Working hand-in-glove with SAP
Robin Kearon, SVP, channels and alliance at Kore, said the new Bots Platform has tight, secure and robust integration with all of SAP’s applications – capability gained through months and months of technical work directly with SAP. In fact, Kore is so far the only company to have achieved such integration across the entire SAP solution portfolio.
“One of the things that SAP is particularly excited about is that we can leverage HANA Cloud Platform to allow an SAP customer to connect securely to both on-premise and cloud applications,” said Kearon.
This covers traditional on-premise ECC systems as well as the newer, cloud-based solutions such as SuccessFactors, Concur and S/4HANA.
While Kore offers bots that specifically work with these applications out of the box, to undertake tasks relevant to the application, he said the power of Kore is actually in the platform, so that organisations can tailor the bots to their needs.
“By design, bots are intended to be configured specific to the end customer. So if you’ve implemented Sales and Distribution within SAP, you have configured that for your business, and your bots need to be configured appropriately for your way of working,” Kearon said. “We provide the tools to do that so that actually you can make those configurations in a few hours.”
Though Kore can be connected to SAP via NetWeaver Gateway, HANA Cloud Platform is preferred because of what Kearon says are the advantages it brings to the table – including ease of deployment, having access to SAP’s cloud connector and SAP Single Sign-on, and its process integration.
In addition to SAP, Kore supports another 120 enterprise applications. For companies which are not wall-to-wall SAP shops – for example, running Salesforce for CRM – can use Kore to “transcend both heterogeneous and homogeneous environments”.
“Because it consumes a payload from Salesforce, digests it, takes the information and passes it to another system, Kore can take an opportunity from Salesforce and present that to be a quote in SAP, for example,” Kearon said.
Humanising service
Though Kore was often met with confusion when it first began talking about enterprise bots a year ago, having other players such as Google, Microsoft and Facebook outline their vision for how bots might contribute to greater productivity has helped to legitimise the concept.
In the enterprise context, there is often still some groundwork to be laid with customers new to bots, particularly around understanding what they can do and working through potential use cases.
Interaction with SAP Hybris is a particularly fertile ground when considering how Kore bots can be deployed.

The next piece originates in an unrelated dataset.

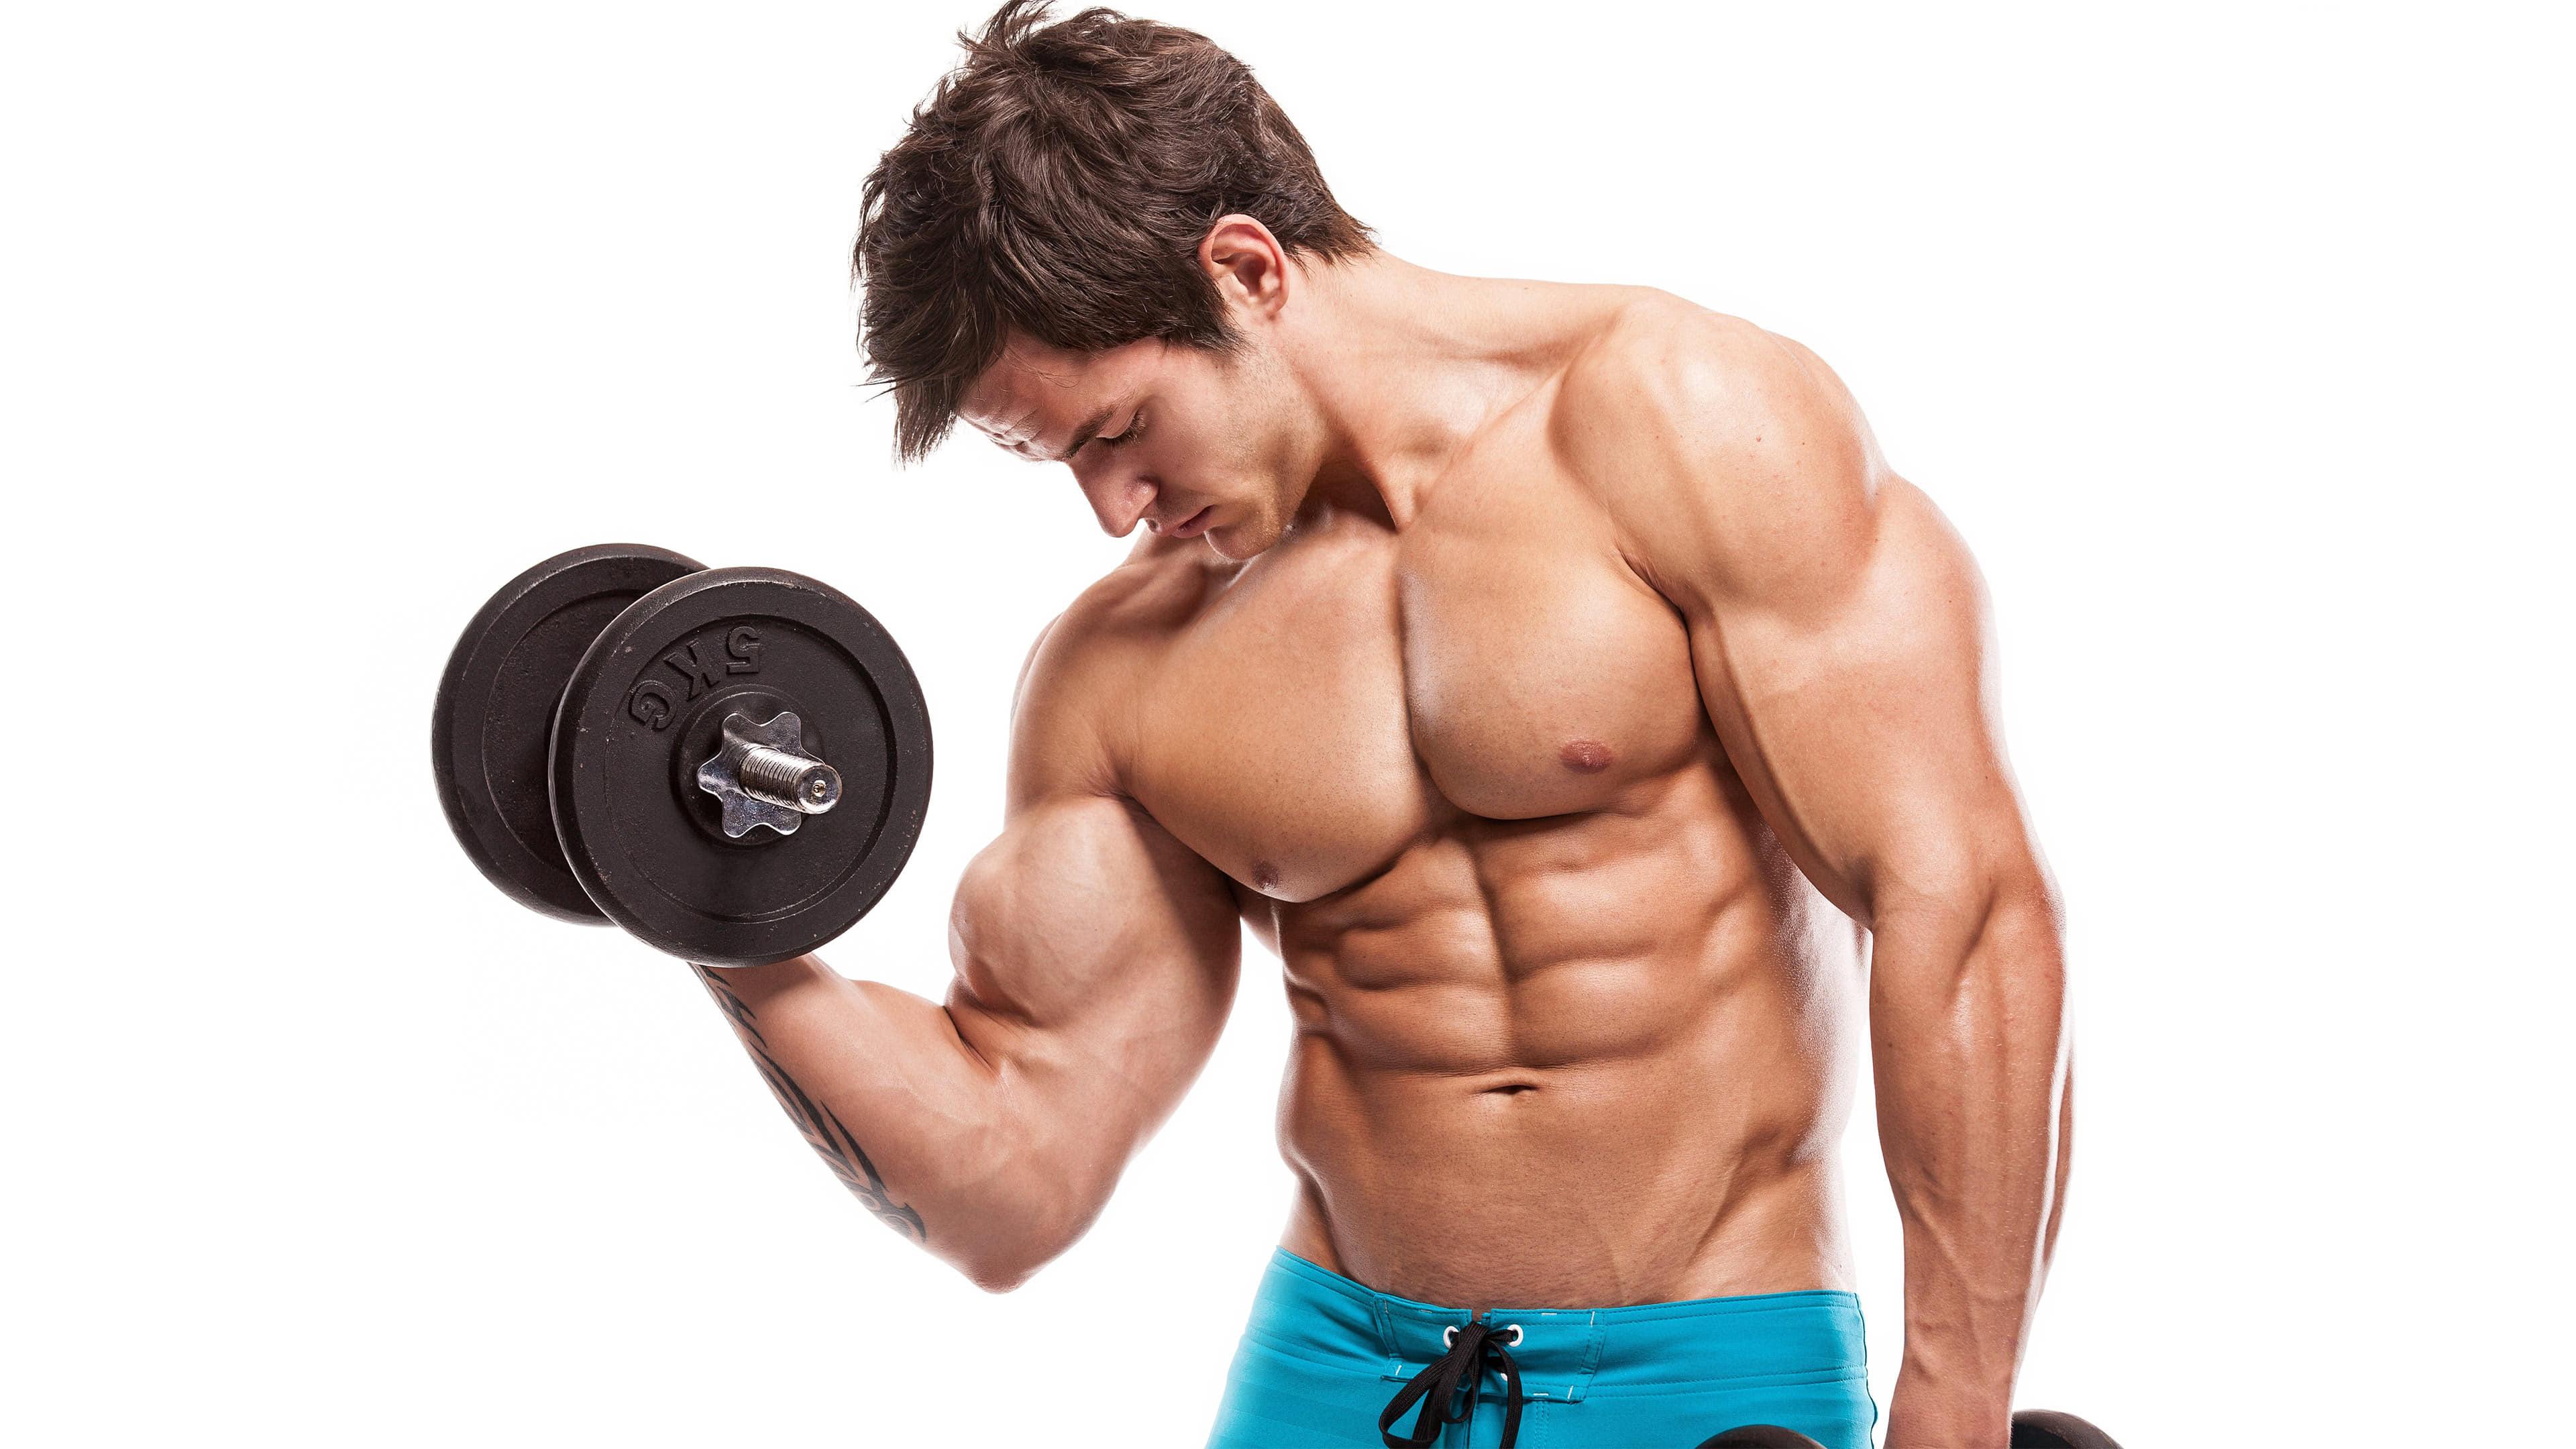 male bodybuilder exercising uhd 4k wallpaper

For example, by using the NLP capability of Kore bots to allow a consumer to simply ask what they are looking for on a website, the experience is simplified and humanised.
“Telling a bot, ‘I want this, this and this’, is a natural human expression. Kore is taking that human intent and passing that instruction back to Hybris. Hybris provides [that information], and the website is updated to deliver it to the consumer,” Kearon said. “It’s a far easier way of providing a very powerful engagement model. There are so many different examples where making that ‘conversational commerce’ or conversational service experience is taken to a whole new level through human expression.”
And this could have application in both private and public sector contexts. In Australia, Kore, together with SAP, has been exploring ways that its bots could work with both SAP Hybris and SAP CRM on particular service scenarios for the Department of Human Services.
According to Kearon, it all comes down to making the experience as seamless and natural as possible.
“The basic principle of Kore is that we believe it should be as easy for a person to communicate with the system as we have all become used to communicating with other people.”